STARA is Halldór Smárason’s debut album. It was recorded in Halldór’s hometown of I?safjo?rður, in the Westfjords region in the northwestern part of Iceland. Featuring works from different stages in the composer’s life, ranging from his student years in New York to this day as a family man and freelance composer, STARA shows Halldór’s development of a characteristic style and unique sense of narrative. All the works on the album are inspired by personal experiences and are often dedicated to people close to the composer himself. STARA features Halldór’s three string quartets: draw + play, Stara, and BLAKTA; the guitar solo piece Skúlptúr 1; and the chamber works _a_at_na and stop breathing. Halldór’s music has been described as atmospheric yet aggressive, characterized by a simmering energy just beneath the surface that erupts from time to time. His compositional voice is highly original and personal. In each composition, Halldór strives for a distinct approach, which is guided by the specifics of the composition (the occasions, the space, the instruments, the performer, etc.). As a result, his sonic repertoire is extremely rich. He often includes extra-musical and music-theatrical aspects, which create highly distinct artistic experiences. Additionally, Halldór has been acknowledged for high attention to detail in regard to sound and notation. STARA is intended to be an insightful portrait of the composer, introducing Halldór’s poetic sonic world.

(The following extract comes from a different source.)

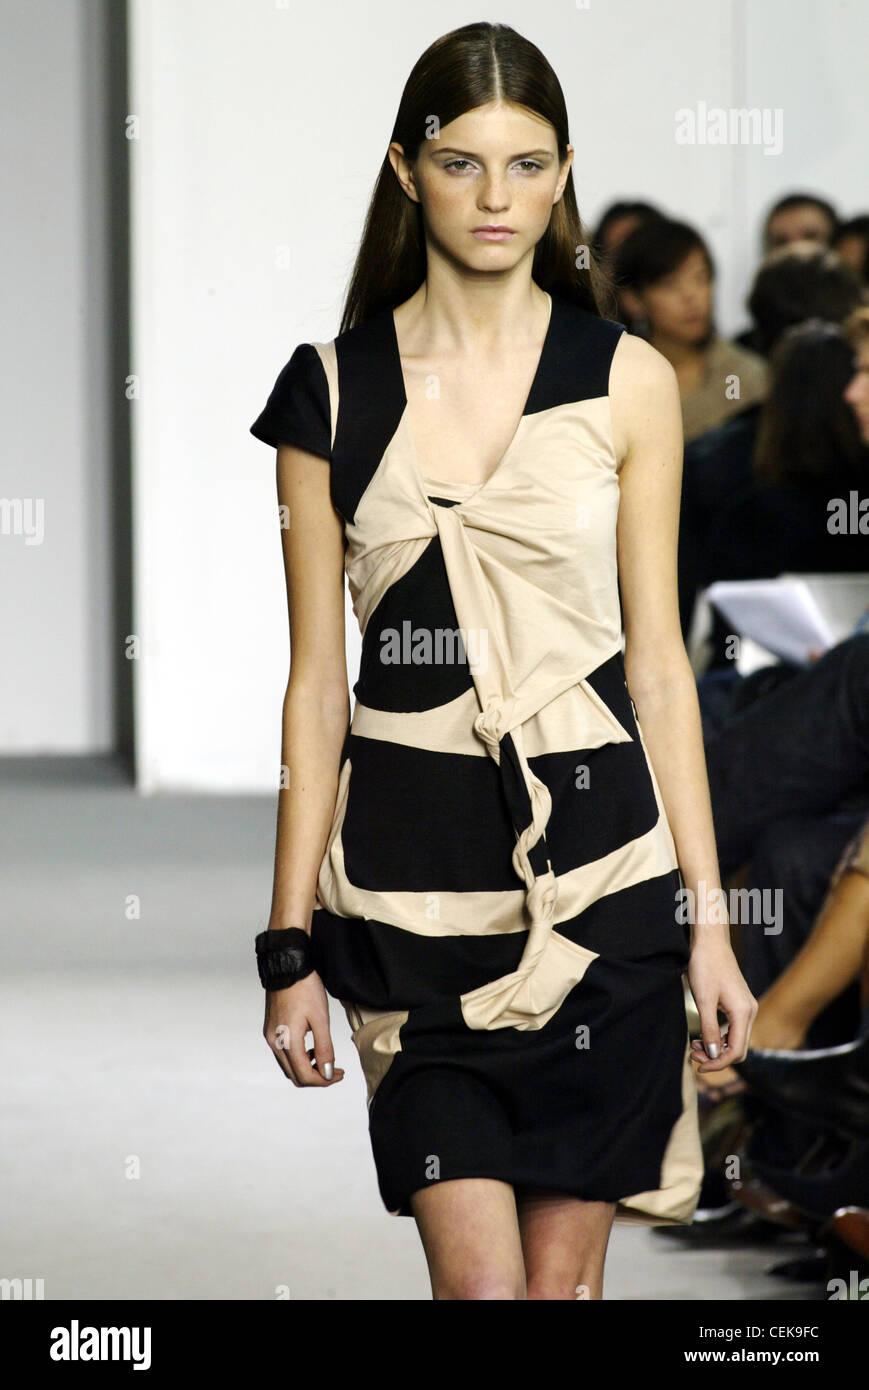 Helmut Lang Paris Ready to Wear Spring Summer Model long brunette hair tucked behind ears wearing black and beige - Stock Image

The disc includes three string quartets, two mixed chamber works, and Skúlptúr 1 for solo guitar and electronics performed by Gulli Björnsson. The quartet Stara, commissioned by the Siggi quartet and the earliest work on the disc, dates from 2012 during Smárason’s American studies. It is inspired by the accordion and the title is extracted from an old Icelandic word for the instrument. I find it intriguing how the composer uses the string instruments to replicate the sounds of distinctive extended contemporary accordion techniques. BLAKTA, the third quartet, is the most recent piece on the album. It was commissioned to celebrate Iceland’s 100 years as a sovereign state and depicts a flag fluttering in various weather conditions, characterized by distinctive vibratos of different speed and density. Very atmospheric.

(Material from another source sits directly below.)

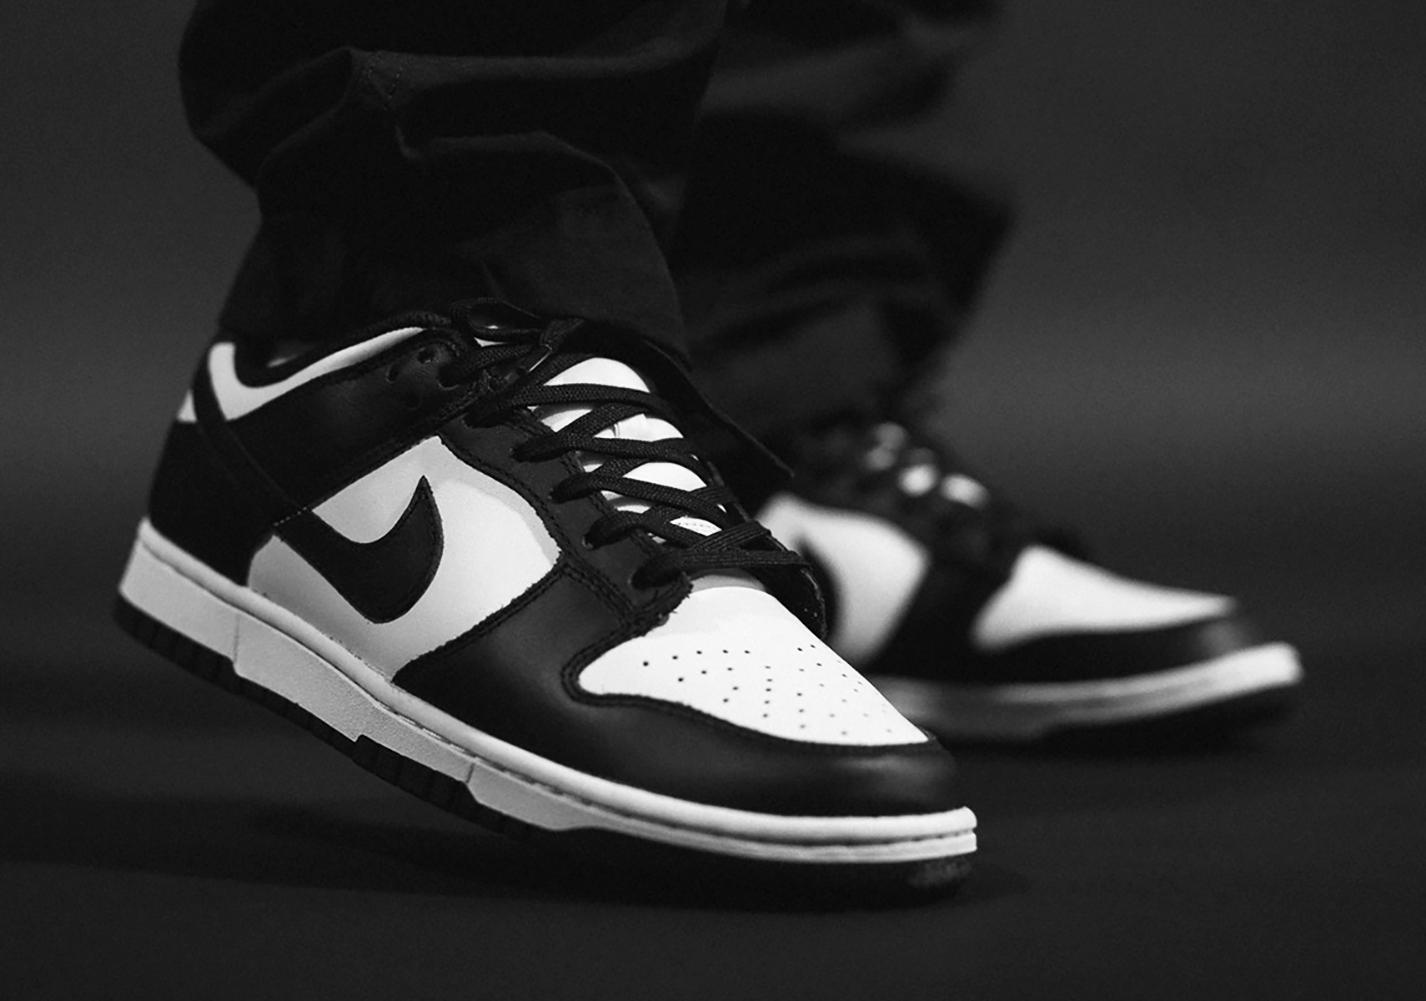 Nike-Dunk-Low-Black-White-Store-List-0_dunk_d

For the mixed ensemble works stop breathing and the intriguingly titled _a_at_na the quartet enlists the help of “Friends” Emilía Rós Sigfúsdóttir (bass flute), Geirþrúður Ása Guðjónsdóttir (violin), Helga Björg Arnardóttir (clarinet) and Tinna Thorsteinsdóttir (piano), as required. The latter piece is based on the composer’s personal struggle with anxiety, and the title is a puzzle requiring the Icelandic word for anxiety to solve. Even the stage setup is affected by this very personal subject, with the piano isolated in the middle of the audience and the rest of the performers spread around the periphery. The angst certainly comes through convincingly, completing a very personal portrait of an important new voice.